Question

How would I put cos(u^2) in to terms of x using u sub. Could I....

Answer 1

say u=x^2 and du= 2x dx and then say that the integral cos(u^2)du is equal to cos(x)*2x dx

Answer 2

switch that u^2=x

Answer 3

I'm not sure I follow what you're trying to do? Typically you'll have something like
\[\int u\ cos(u^2)\ du\]

Answer 4

the question is integrate cos(u^2)du from cos(x) to 5x

Answer 5

My mistake, Find the derivative of the following y= the integral from cos(x) to 5x of cos(U^2)du

Answer 6

Oh, whew.. Much better ;p

Answer 7

So I assume you put u into terms of x, then integrate, then evaluate, then take the derivative?

Answer 8

Are you taking the derivative with respect to x or with respect to u?

Answer 9

x I think.

Answer 10

It doesn't say?

Answer 11

It should say.

Answer 12

I will put in the equation as stated

Answer 13

Find the derivative of the following function: \[y=\int\limits_{cosx}^{5x} \cos(u^2)du\]

Answer 14

so I decided to let x=u^2 and du=2x so the equation becomes integral of cos(x)*2xdx

Answer 15

I don't think you need to do that. I feel as though they want you to rely on the fundamental theorem of calculus here..

Answer 16

Wait so I can just take the integral of cos(u^2) and then eval for 5x and cos x?

Answer 17

and then take the derivative of the evaluated function?

Answer 18

Oh, wait, sure you can.. just requires a u-sub, then parts. Sorry.

Answer 19

\[\int\limits 2xcos(x) dx \rightarrow 2xsin(x)+2\cos(x)\]

Answer 20

I dunno where to go with it. The answer is sin(x)*cos(cos^2x)+5cos(25x^2)

Answer 21

Ah forgot to change the limits.

Answer 22

You have to do parts again on 2xsin(x) so it repeats and gets you back to 2xcos(x)

Answer 23

It doesn't repeeat does it U=2x du =2 v=sin(x) dv = cos(x)

Answer 24

Oh, you're right.

Answer 25

Wait does the question actually ask? \[d/du \int\limits_{\cos(x)}^{5x} \cos(u^2)du\]

Answer 26

Do the integral and the derivative cancel?

Answer 27

Wait, what did you use for the original u-sub?

Answer 28

u^2=x

Answer 29

\[u^2 = x \implies 2u\ du = dx \implies du = \frac{1}{2\sqrt{x}}dx\]

Answer 30

So I don't think you're using the right integral.

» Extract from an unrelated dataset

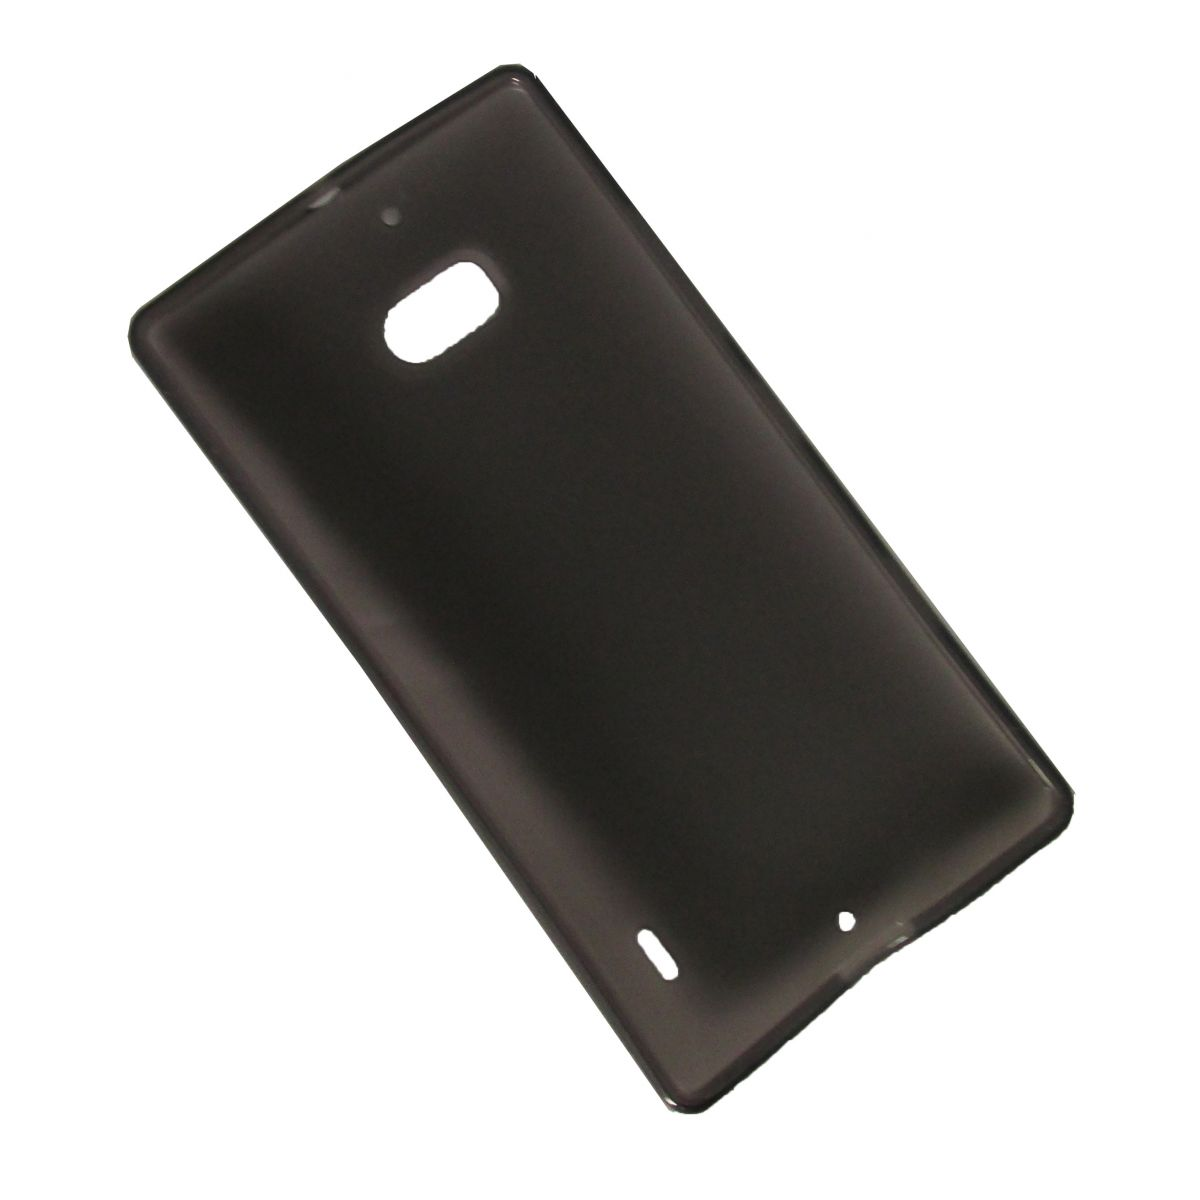 Capa de Tpu para Nokia Lumia Icon 929 930 N929 N930 + Pelicula Grafite

\[\int cos(u^2)du = \int {cos(x) \over 2\sqrt{x}}dx\]

Answer 31

Probably I was using du=2xdx

Answer 32

I can see why it would be 1/2x I don't see how it is root x

Answer 33

Because \(u^2 = x \implies u = \sqrt{x}\)

So
\[2u\ du = dx \implies du = \frac{1}{2u}dx = \frac{1}{2\sqrt{x}}dx\]

Answer 34

I think we need to use the fundamental theorem. And I think it'll make this much easier..

Answer 35

Oh I see.

Answer 36

Lets see here. Lets assume that \[F(u) = \int cos(u^2) du\]
\[\implies \int\limits_{\cos(x)}^{5x} \cos(u^2)du = F(5x) - F(cos(x))\]
Right?

Answer 37

Right

Answer 38

Ok, well if \[F(u) = \int cos(u^2) du\]
Then\[\frac{d}{du}F(u) = cos(u^2) \]

Answer 39

Right?

Answer 40

I see so the integral and the derivative cancel?

Answer 41

differential*

Answer 42

Yes. That's the fundamental theorem of calculus. Integration and derivatives are inverses of eachother (plus or minus a constant).

Answer 43

So the question is just asking cos(5x^2)-cos(cos(x^2)

Answer 44

So that means that
\[\frac{d}{dx} \int\limits_{\cos(x)}^{5x} \cos(u^2)du =\frac{d}{dx}[ F(5x) - F(cos(x))]\]\[= cos((5x)^2)( \frac{d}{dx}[5x]) - cos(cos^2(x))(\frac{d}{dx}[cos(x)])\]\[=?\]

Answer 45

Oh snap. 5cos(25x^2)+sin*cos(cos^2(x)) which is the answer.

Answer 46

So just have to remember that the derivative undoes the integral, then be sure to use the chain rule since your limits are functions of another variable.

Answer 47

That's it great thanks.